Da domani, sabato 24 gennaio, la città di Carpi potrà finalmente tirare un sospiro di sollievo. Cessano infatti le misure emergenziali contro lo smog che avevano limitato la circolazione ai veicoli più inquinanti, inclusi i diesel Euro 5. La decisione arriva dopo che i valori di PM10 sono rientrati sotto i limiti di legge, come confermato dalle previsioni dell'Arpae.

Il ritorno alla normalità

Con la fine dell'allerta smog, Carpi torna alla manovra antismog ordinaria, quella che accompagna i cittadini per tutto il periodo invernale dal 1° ottobre al 31 marzo.
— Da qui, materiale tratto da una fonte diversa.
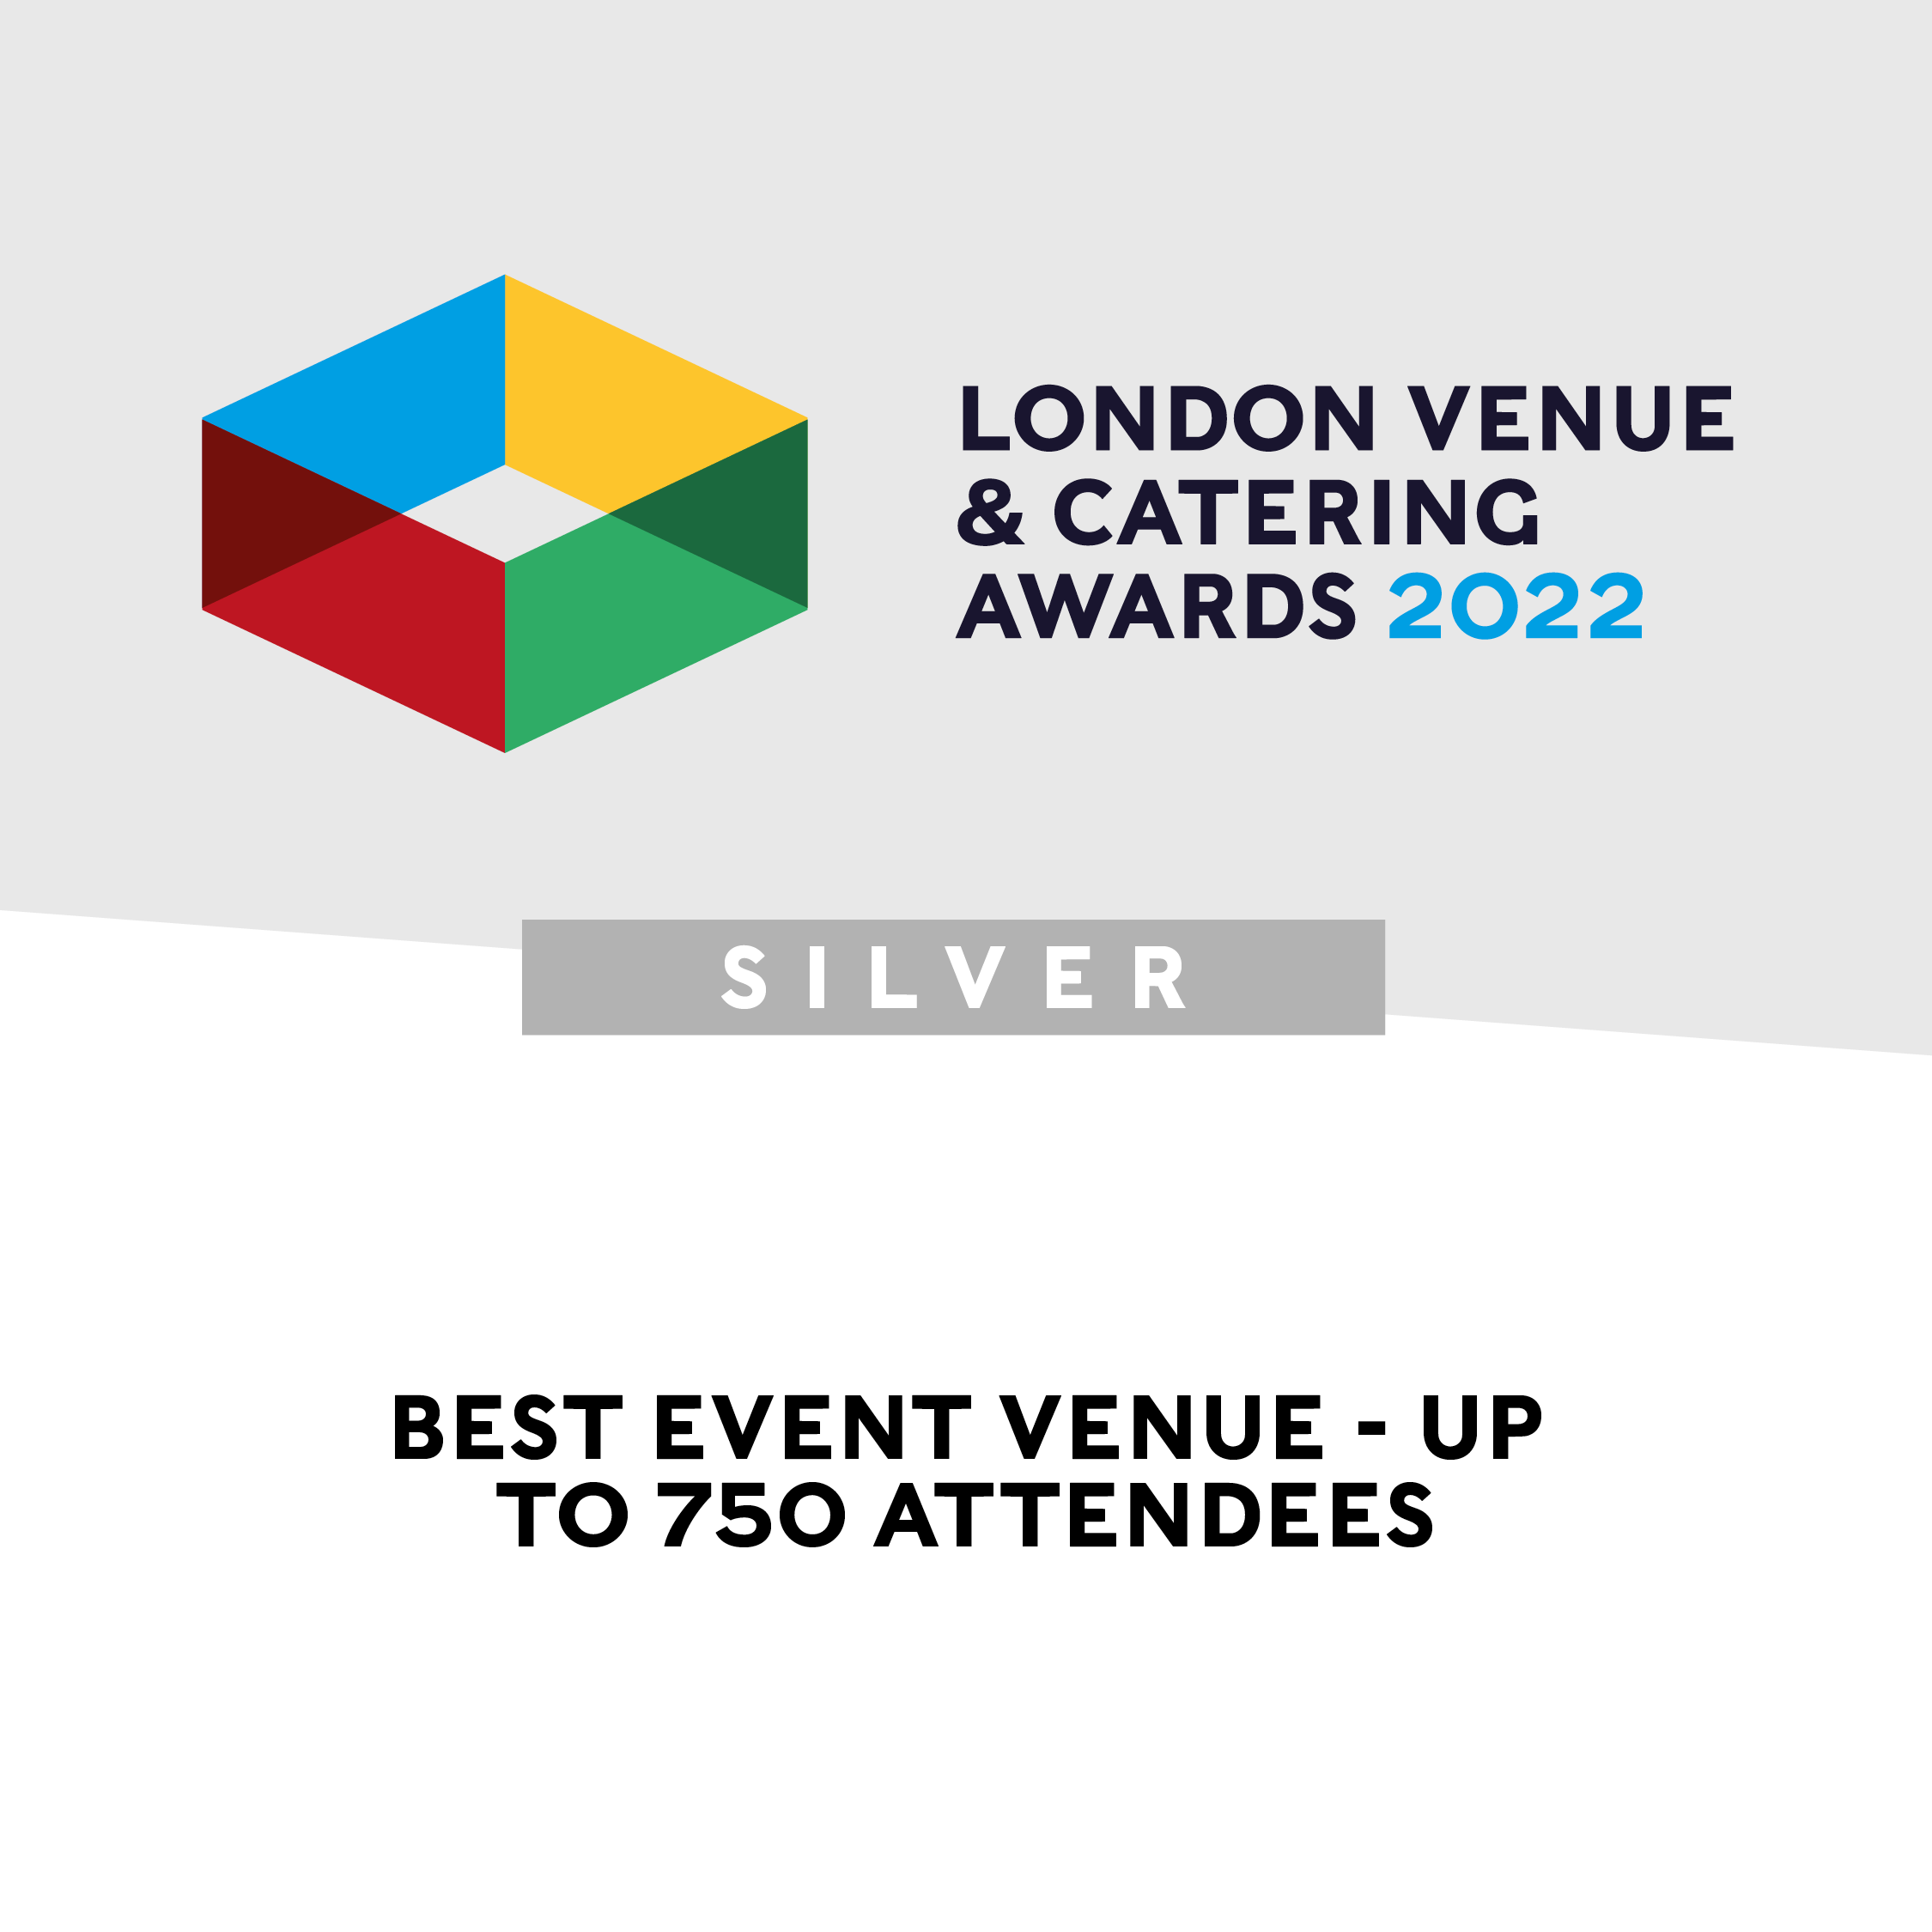 London Venue & Catering Awards 2022 Silver Best Event Venue – Up to 750 Attendees

Le regole sono più leggere rispetto all'emergenza: dal lunedì al venerdì, dalle 8.30 alle 18.30, restano fermi solo i veicoli più vecchi e inquinanti. I sabati tornano liberi per tutti i veicoli, mentre domenica 25 gennaio sarà domenica ecologica, con restrizioni estese anche ai diesel Euro 5.

Chi può circolare e chi no

Nella manovra ordinaria, dalle 8.30 alle 18.30 nei giorni feriali, non possono circolare nell'area delimitata dalle tangenziali: .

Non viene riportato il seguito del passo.